Tuesday, March 2, 2010
Idea Marketing: Social
According to the textbook, social marketing is “the use of commercial marketing concepts and tools in programs designed to influence individuals’ behavior to improve their well-being and that of society” (203). Essentially, social marketing is a campaign that targets and points at societal needs, problems, and health. This type of marketing is said to typically go the promotional aspect of the P’s in the marketing mix while it looks at a wide array of other aspects in the social marketing climate.

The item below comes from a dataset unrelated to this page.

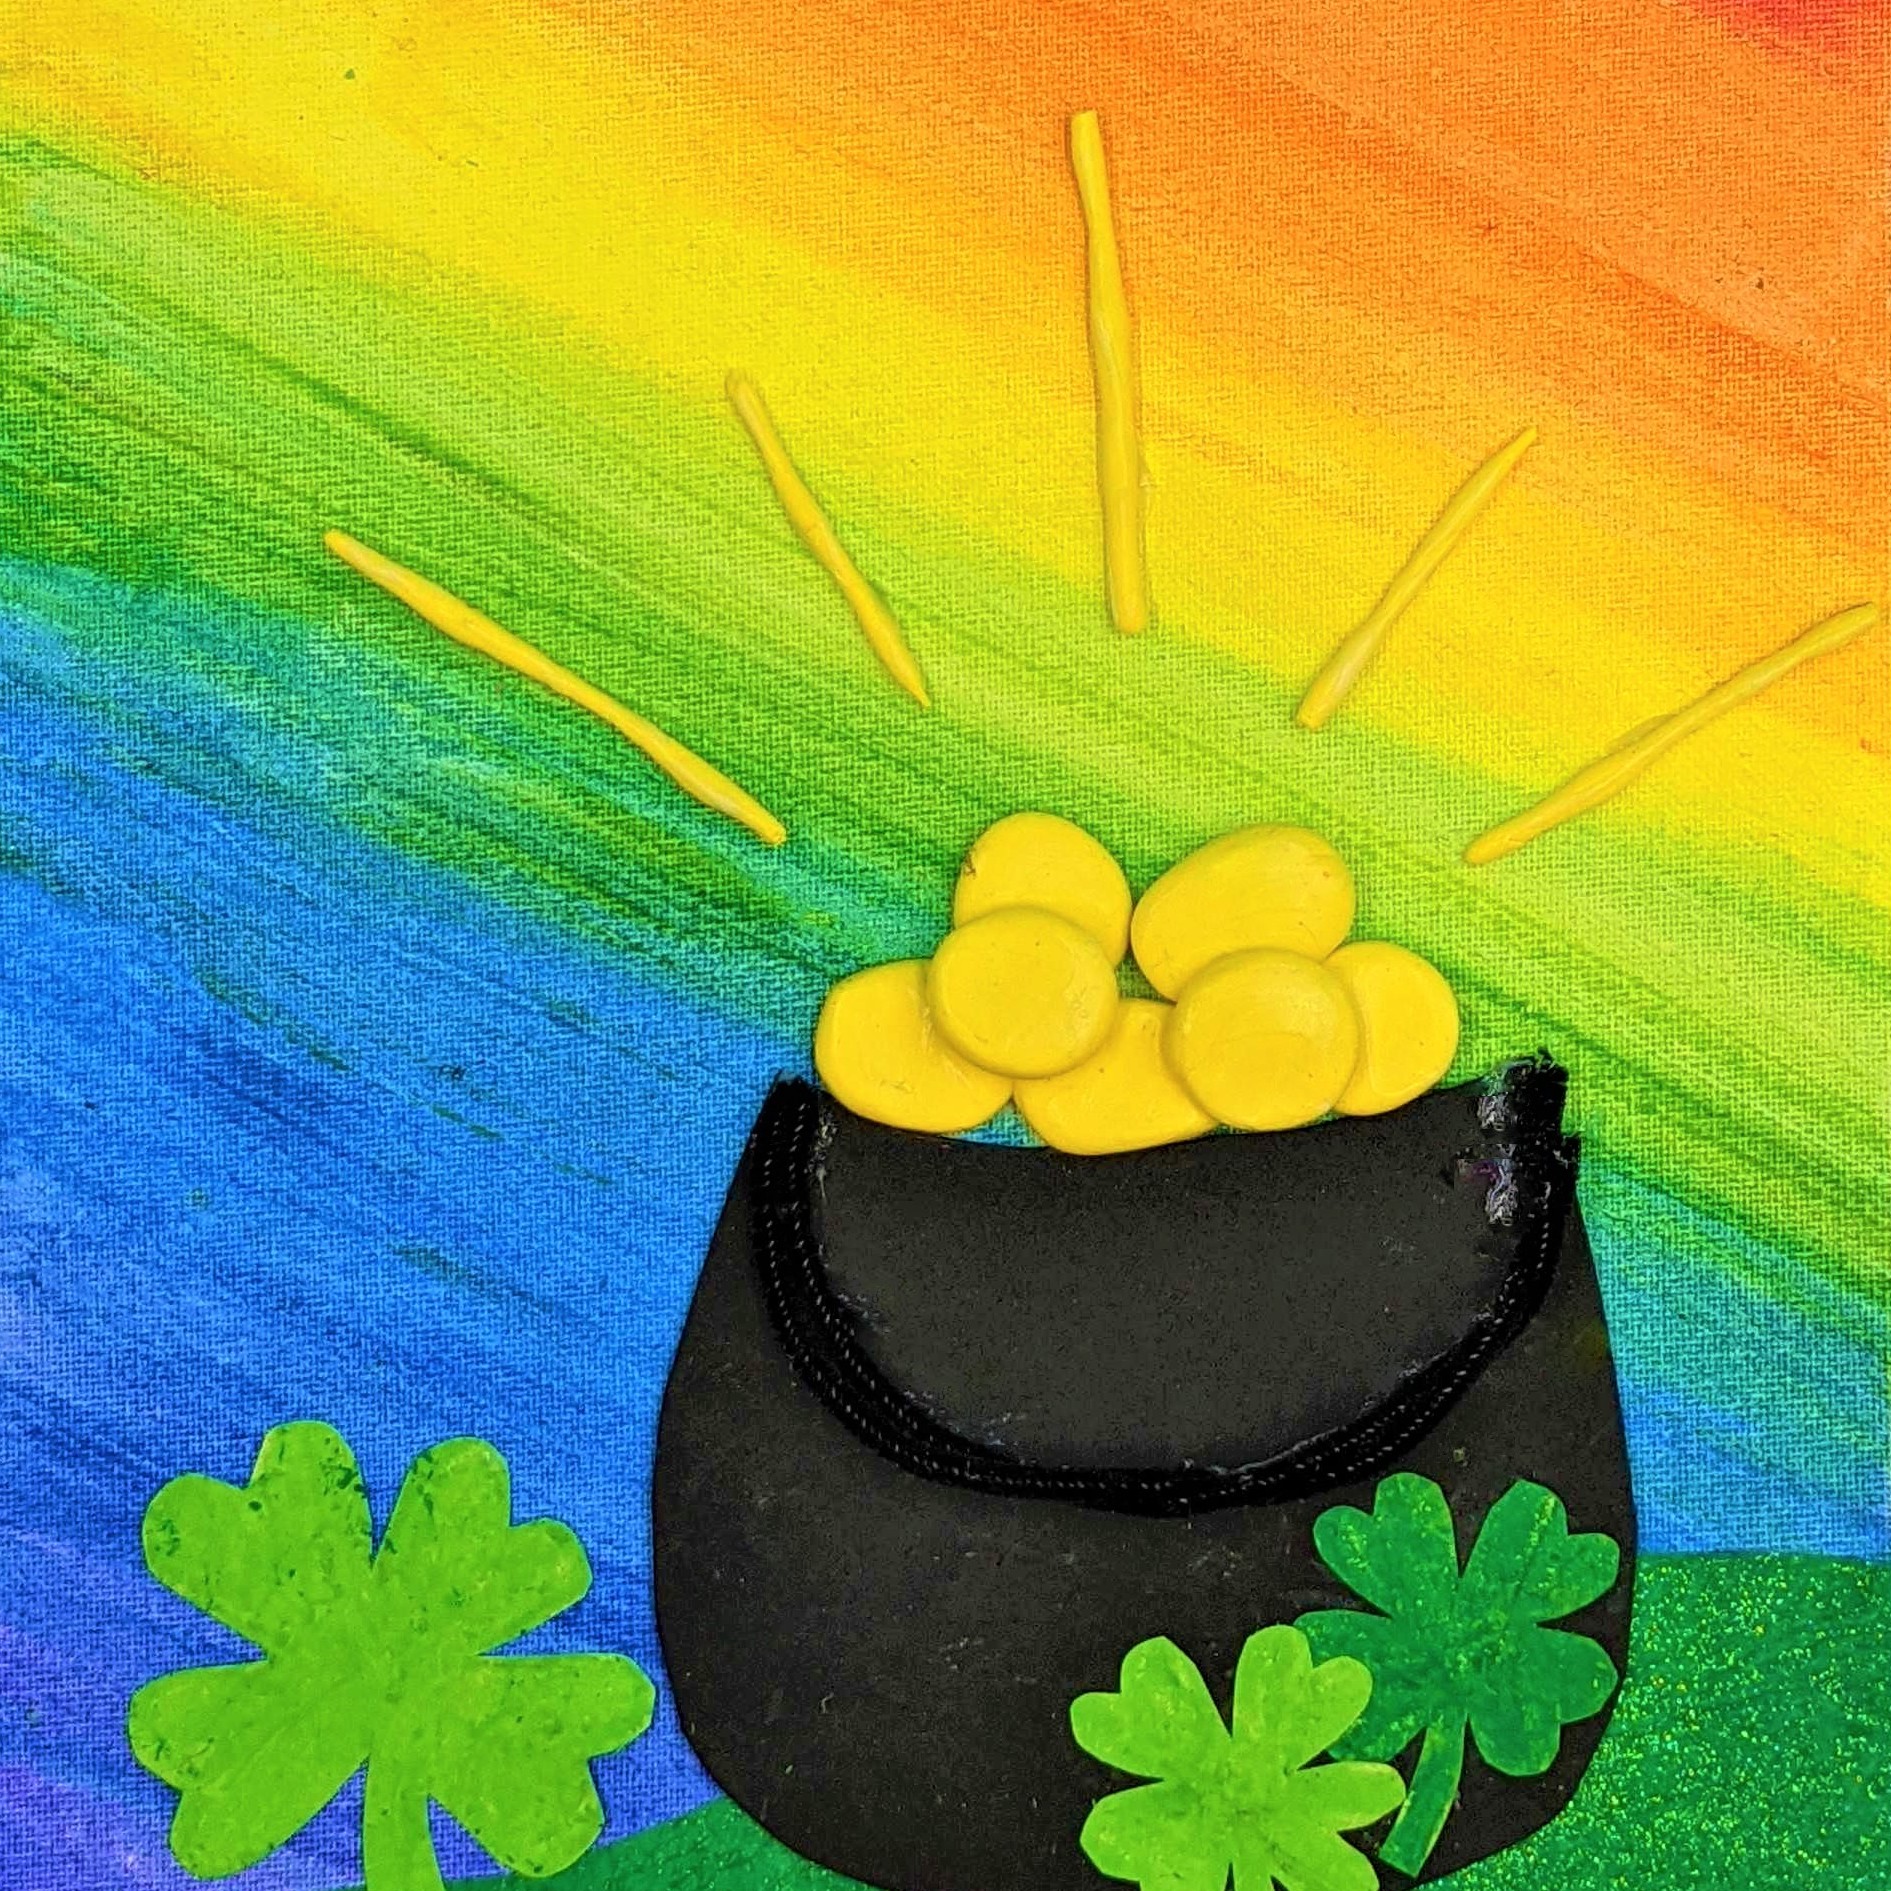 Kidcreate Studio - Mansfield, St. Patrick's Day Rainbow on Canvas Art Project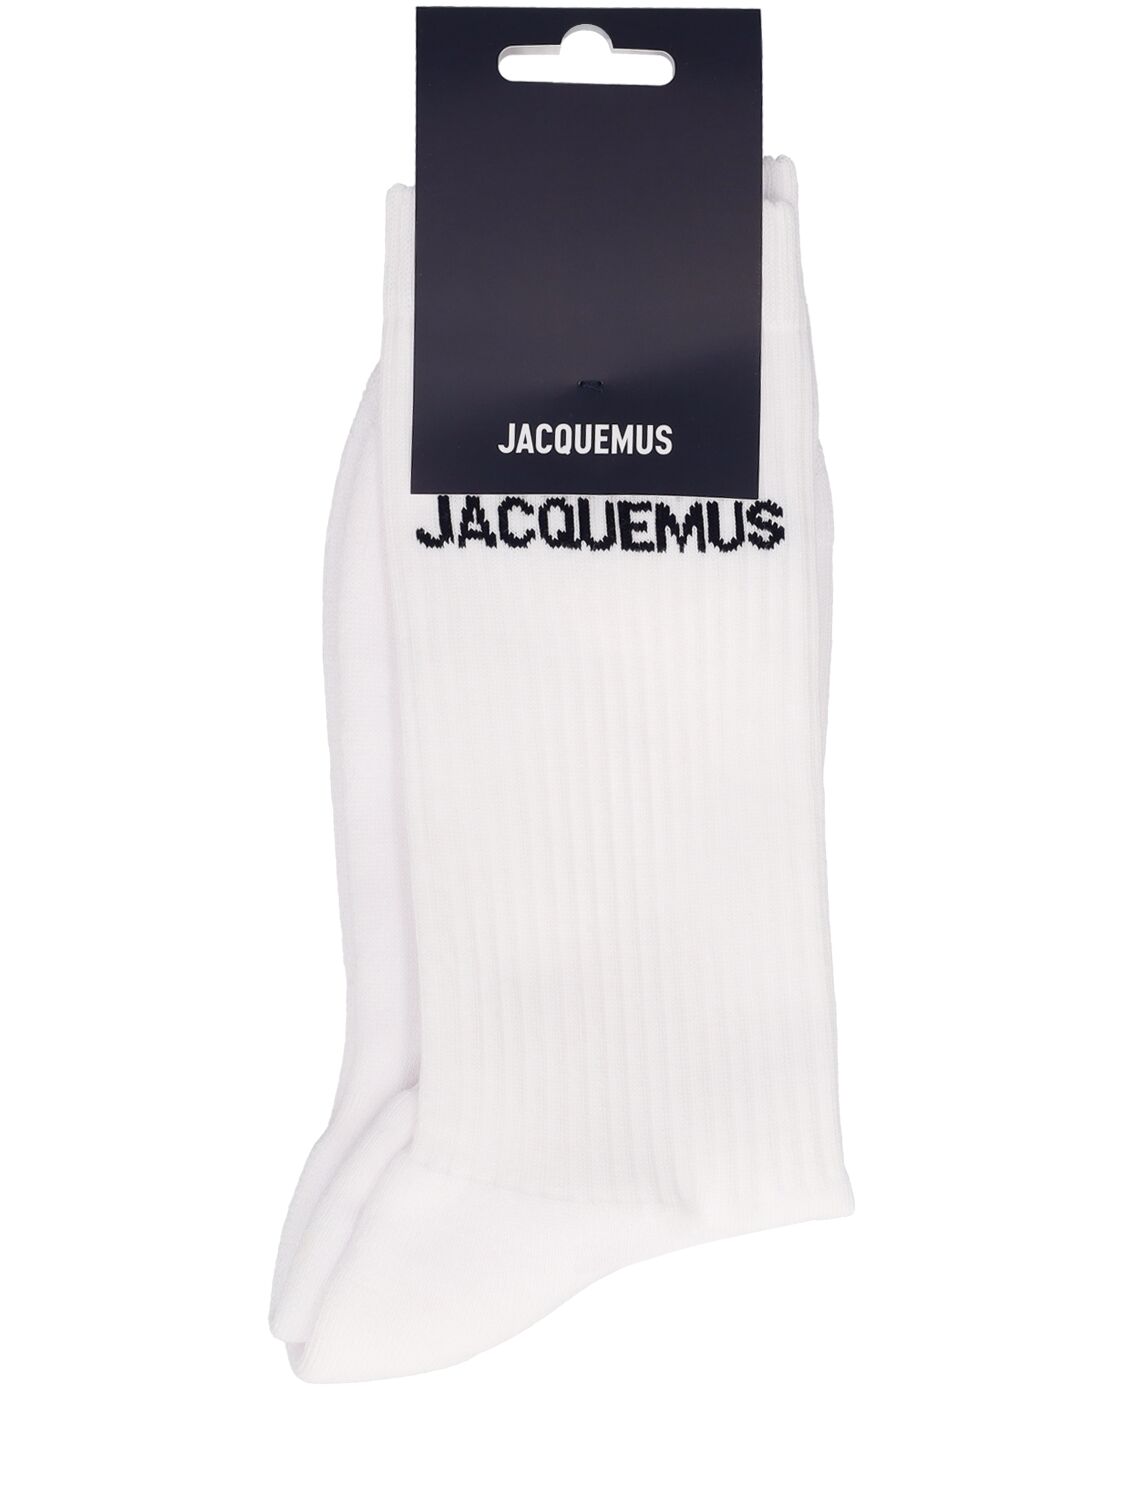 Jacquemus Les Chaussettes  Cotton Socks In White

This social marketing is considered to be taking the product into the “idea” aspect of market offering.
Currently, Dove, a company known for moisturizing creams, body washes, deodorants, and other body care items, is partnering in the Campaign For Real Beauty through the Dove Self Esteem Fund that missions itself behind the statement, “Let’s make peace with beauty.” Dove contributes to this effort by donating a portion of their product profit to the Self Esteem Fund. This sets up self esteem classes that help pressured and struggling girls and teenage women who have difficulty priding their personal body image. As seen in this commercial specifically, Dove is showing their efforts towards this goal; acknowledging real beauty in the world versus the fake, perfect perception society typically portrays in ad campaigns. This shows Dove backing a cause that is meant to improve young women’s well-being which affects society as a whole, the essential aspect of social marketing. Nowhere in this ad does the viewer see a single Dove product, but at the end of the commercial, the Dove brand name is stated to be backing the campaign. Certainly, this social effort supports their company by showing customers that Dove contributes to humanitarian efforts. As a customer purchasing from Dove, one might feel more encouraged to purchase a product that goes towards such a cause, and knowing that Dove does this could potentially affect a customer's purchasing decision. Certainly, as a whole, Dove clearly exhibits an aspect of social marketing as it strives to help redefine stereotypes and “make peace with beauty.”